Каждый шаг на третий этаж давался с трудом. Если накажут, то уменьшат паёк. Или уволят, и придется идти в санитарки или в прачки. Если возьмут, конечно. А могут устроить допрос с пристрастием и выведут на чистую воду. И арестуют всех: и Айями, и Эммалиэ, и незнакомого парня. Взрослых расстреляют. Выведут на площадь и поставят в ряд на помосте. А Люнечку отправят в чужую страну. О, нет, нет! Айями упадет на колени и будет умолять. Она сделает что угодно, лишь бы даганны не отняли дочку.
В приемной помощник показал кивком на обитую дерматином дверь, мол, проходи в кабинет, хозяин заждался. Большая дверь, а Айями маленькая. Или она сгорбилась, став ниже ростом? Кто тут раньше заседал? Наверное, помощник бургомистра. Помещение небольшое, с письменным столом, с креслом и тахтой у окна. И темная фигура, рельефно выделяющаяся на светлом квадрате.
А'Веч присев на подоконник, без удивления наблюдал за вошедшей. Словно предугадал момент, когда она появится на пороге.
Айями замерла, не зная, что делать. Сперва поздороваться или без вежливых вступлений падать в ноги и умолять о снисхождении?
Господин заместитель прошел к столу и с комфортом уселся в кресле.
- Садись, - показал на стул.
Устроившись на краешке сиденья, Айями нервно крутила пуговицу на платье. А он педантичен: хоть стол и завален документами, но папки разложены аккуратными стопками, и соблюдается общий порядок.

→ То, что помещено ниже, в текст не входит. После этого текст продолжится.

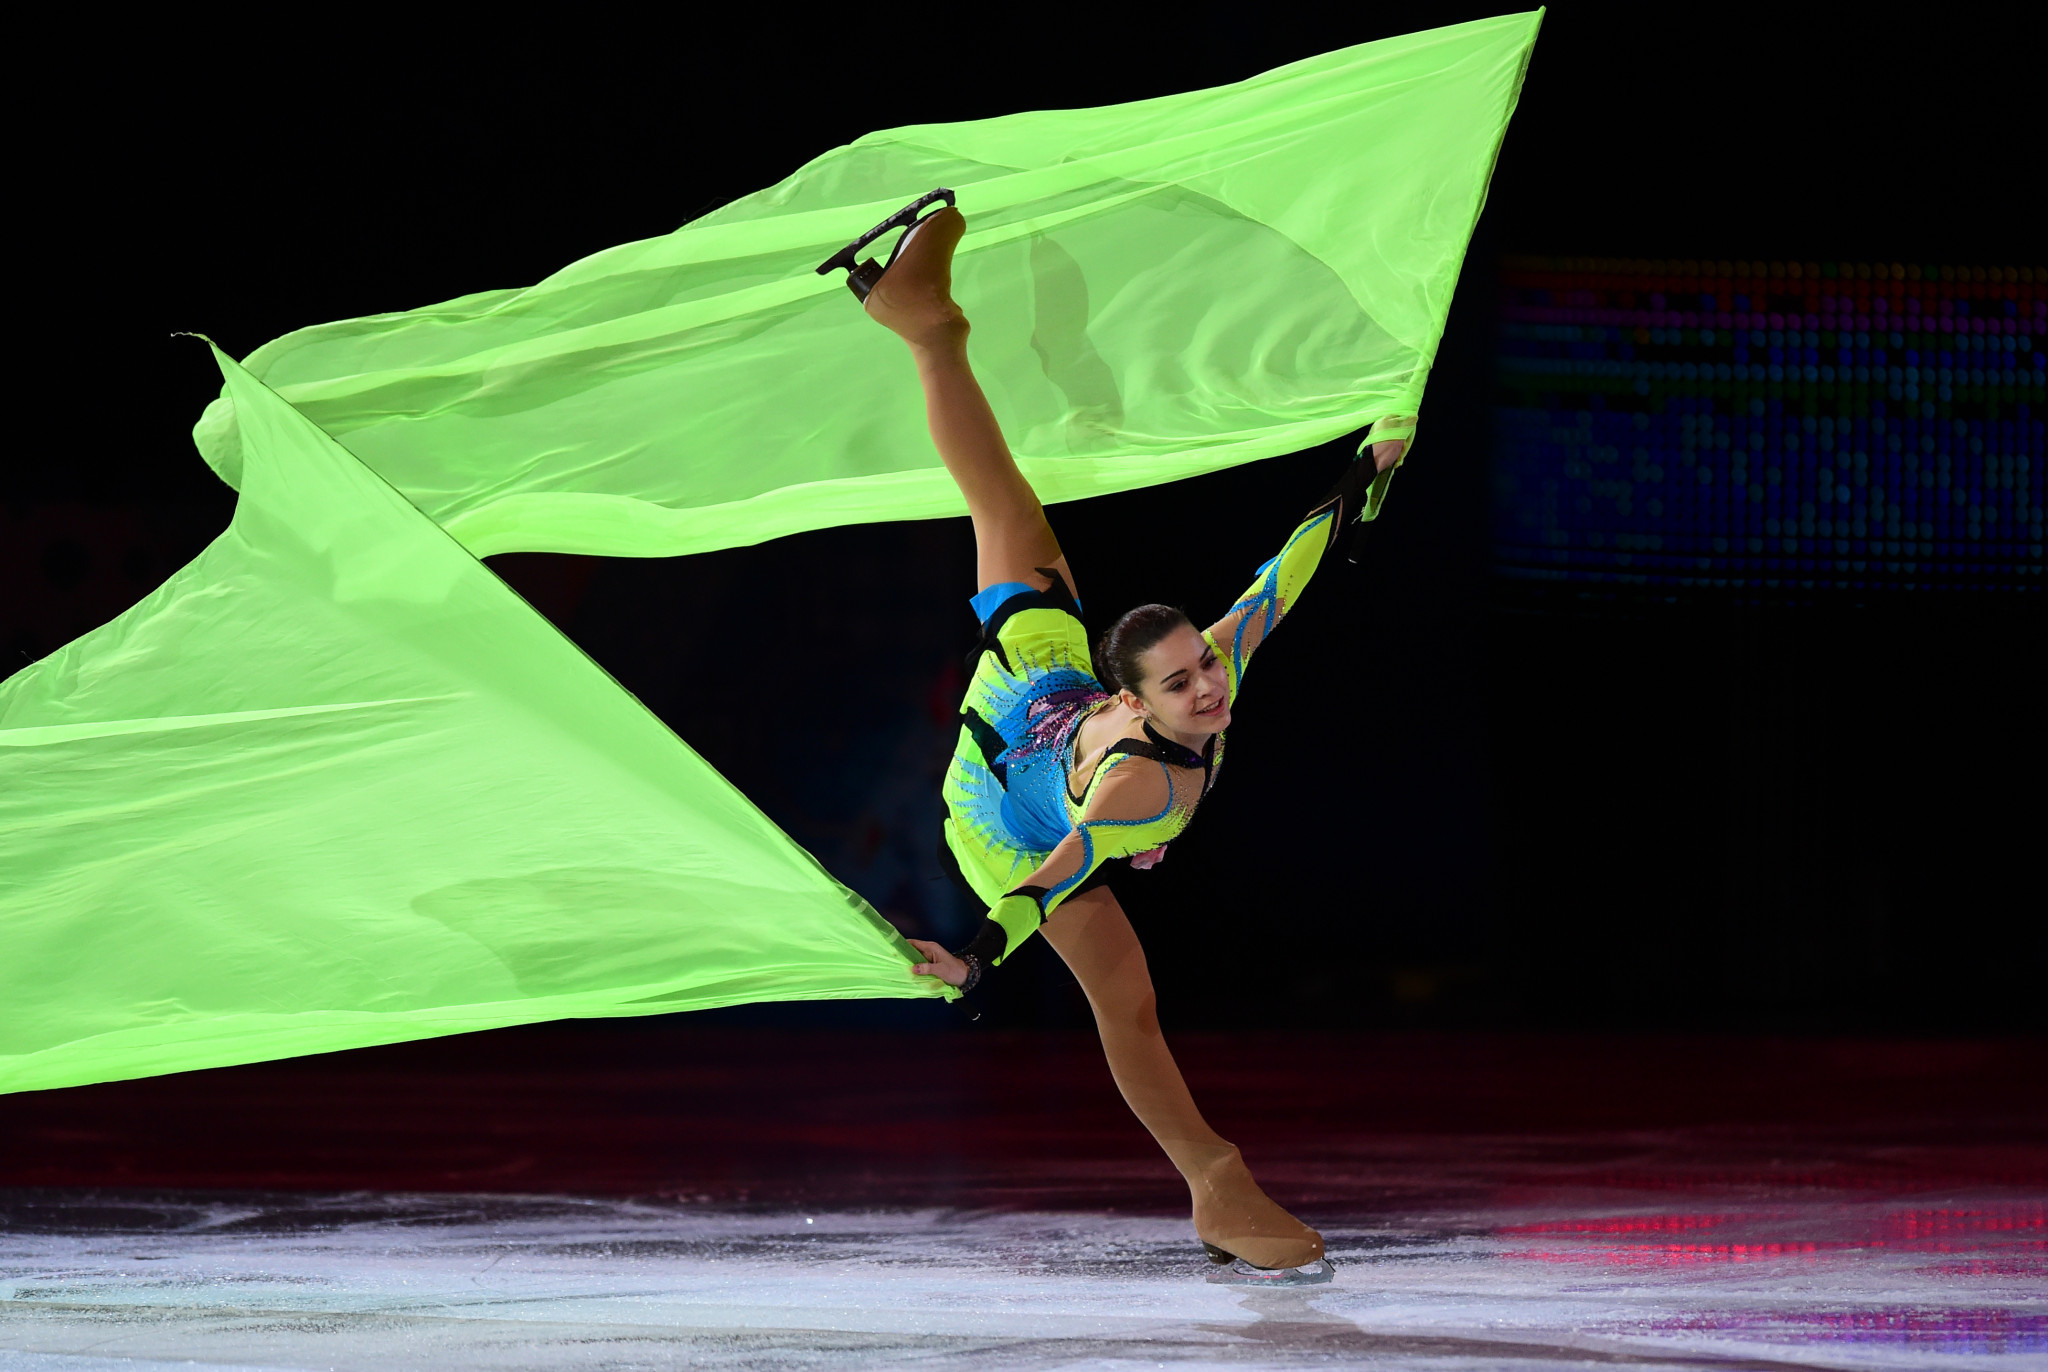 Sochi 2014 champion Sotnikova to miss new figure skating season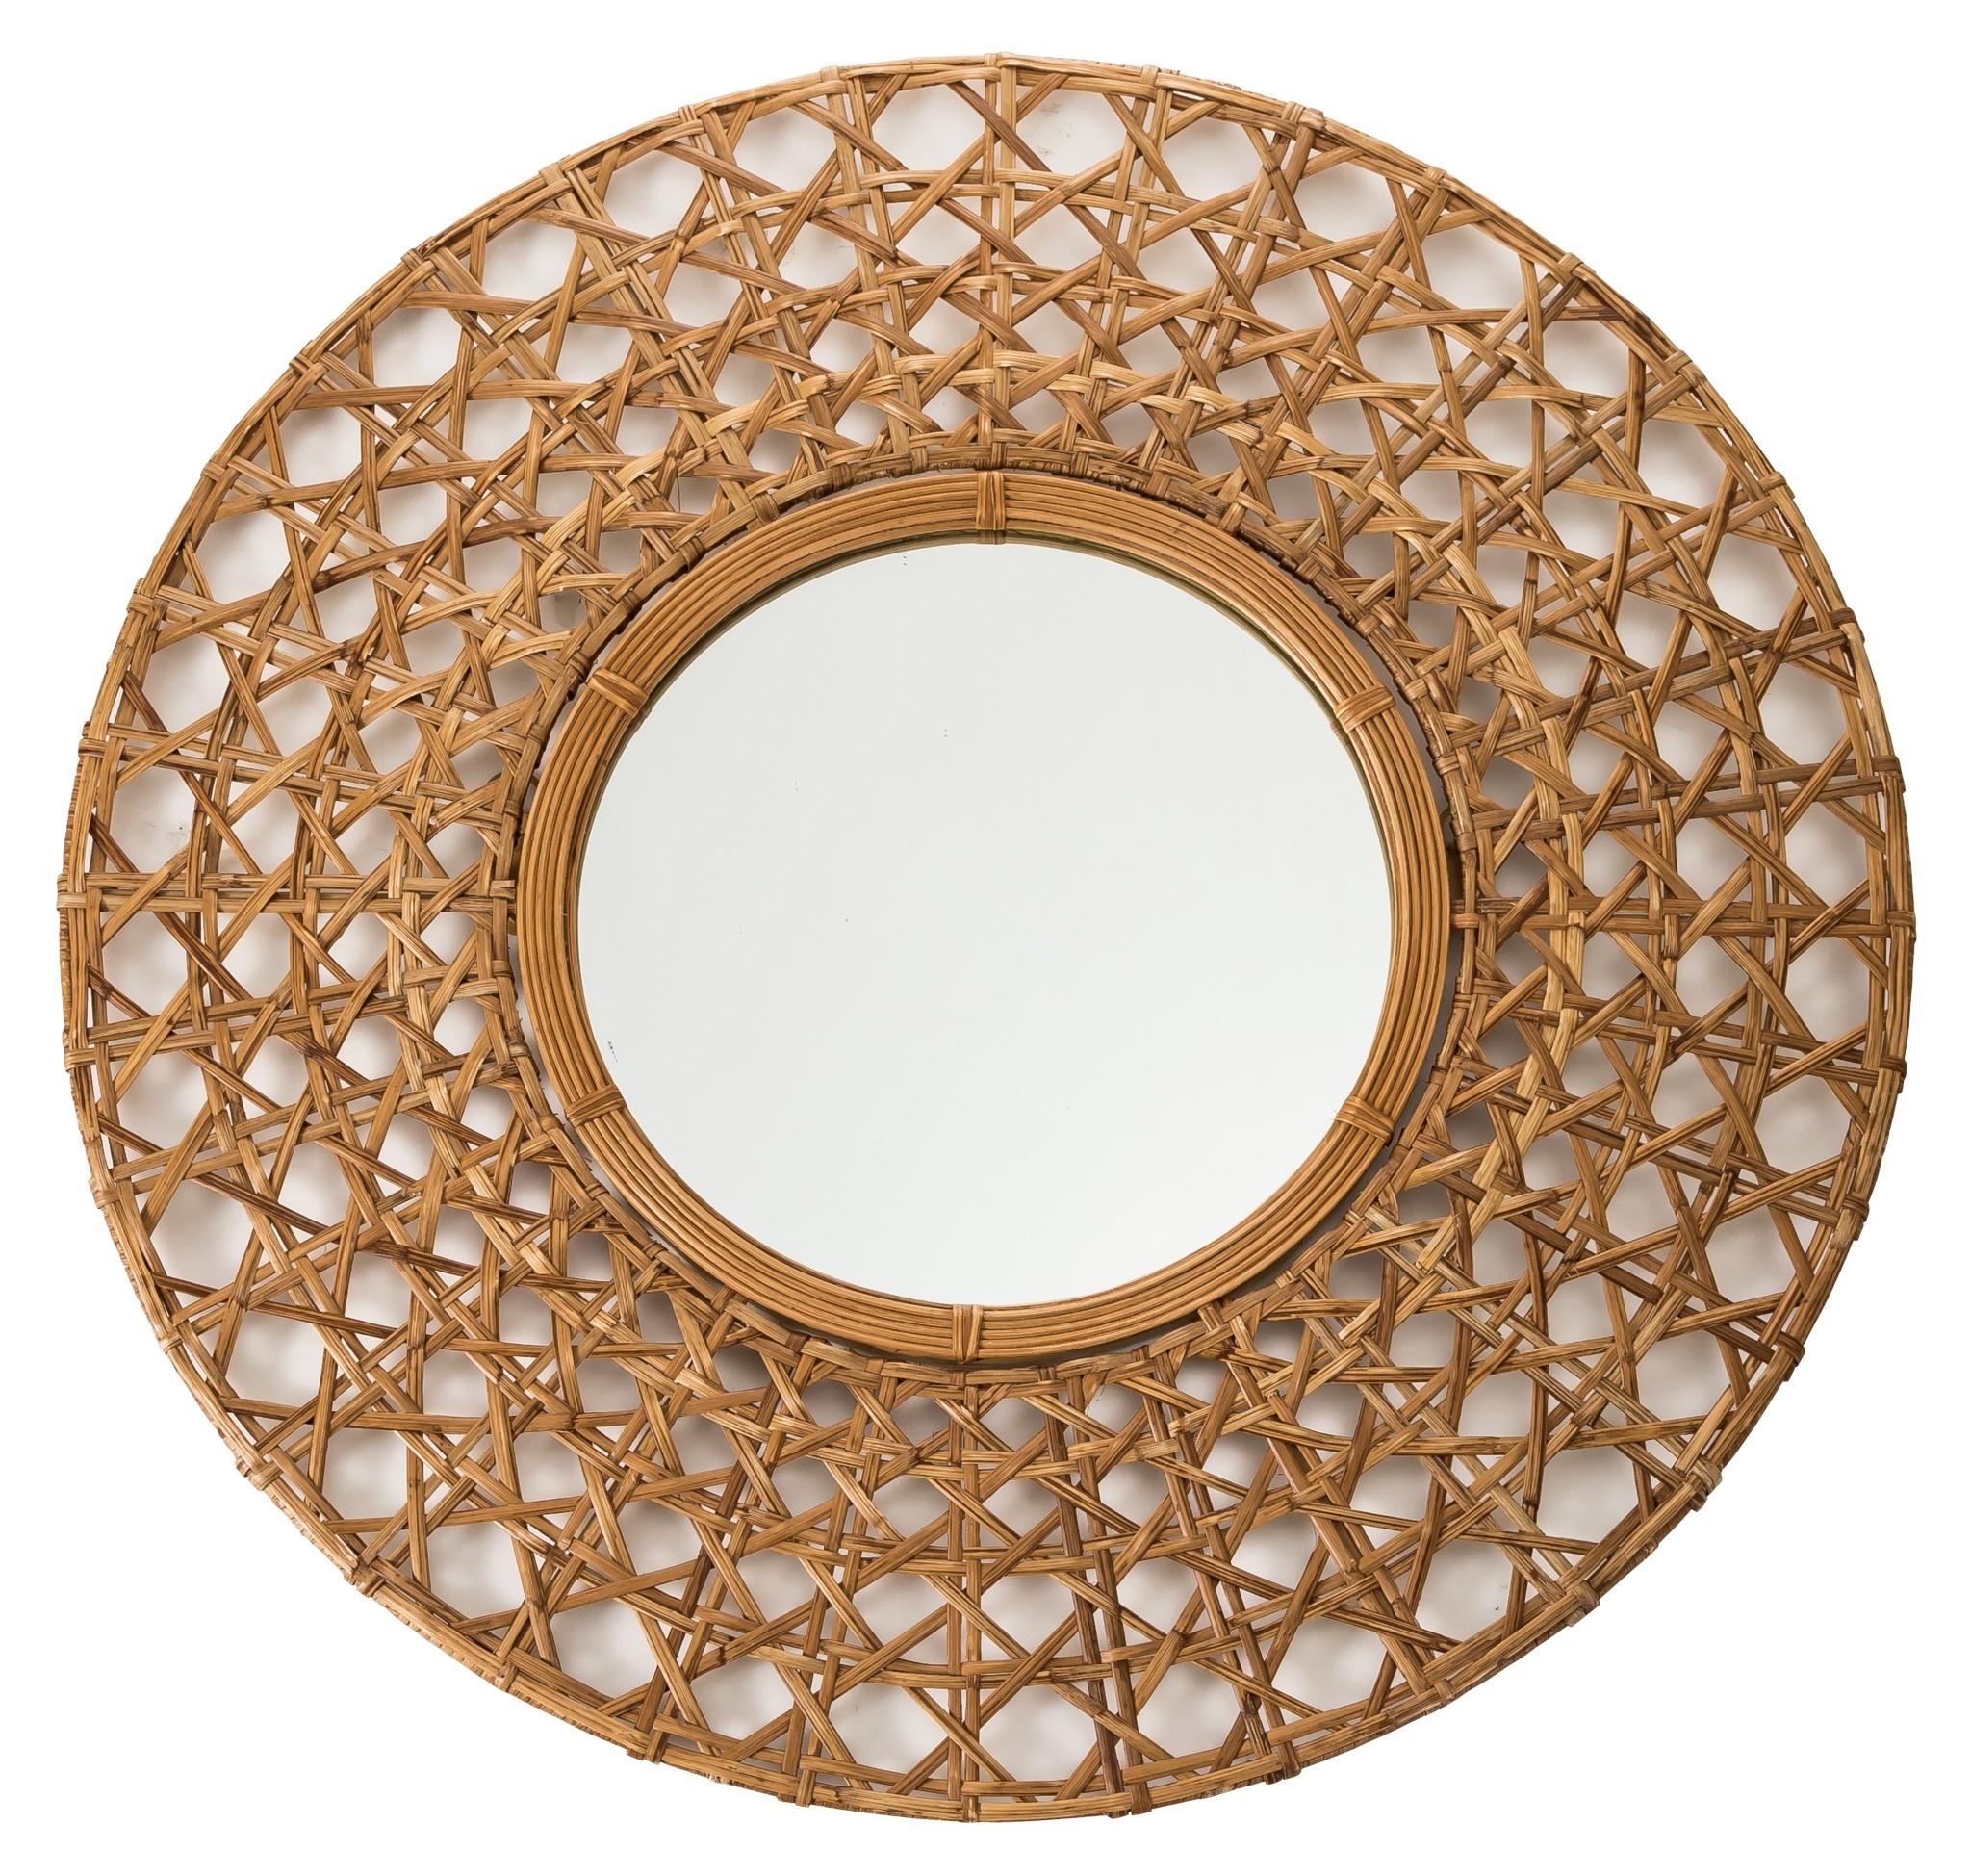 Specchio da Parete Rotondo con Cornice Tapnigi Intrecciata a Mano D70x -  Orientique - Asianliving

- Простите, я опоздала, - выдавила жалобно и прокашлялась. - Здравствуйте. У меня заболела дочка. Но я обязательно отработаю... Вдвойне! И на дом возьму перевод, и в выходные приду!
Разволновавшись, Айями не сразу заметила, что на столе очутился цилиндр, матово поблескивающий боками.
- Разлей, - велел господин подполковник.
- Что? - воззрилась она изумленно. Лицо А'Веча было невозмутимым, а взгляд - внимательным. Вот пару дней назад он непринужденно смеялся и вел себя по-свойски, а сегодня перед Айями сидел даганский офицер, который не потерпит панибратства с какой-то амидарейкой.
Он изучает! Ищет прокол в её поведении, чтобы вывести на чистую воду.
- Это термос. Открути крышку и разлей, - повторил А'Веч.
Айями неловко взялась за цилиндр, металл оказался теплым. Но руки не слушались, и резьба не поддавалась.
- Дай сюда, - выхватив термос, он снял крышку и вынул чашки, вложенные одна в другую. Извлек пробку, и из горлышка пошел парок. Коричневая жидкость потекла аккуратной струйкой, и А'Веч протянул полную чашку: - Пей.
Неужто кофе? С какой целью? Может, в него подмешали препарат, который развязывает язык? А что, военные всё могут, у них немало передовых разработок. Напившись экзотического напитка, Айями выболтает и о раненом пареньке, и о вранье с болезнью Люнечки. Зря она ляпнула, не подумавши. Мысли материальны. Упаси святые от хвори, что прилипнет к дочке из-за гибкого языка Айями.
- Пей, - потребовал господин заместитель, и она, сделав глоток, обожгла язык.
Горячий кофе и ароматный. И сладкий.
- Ешь, - на столе появилась блюдце с горкой квадратиков песочного цвета.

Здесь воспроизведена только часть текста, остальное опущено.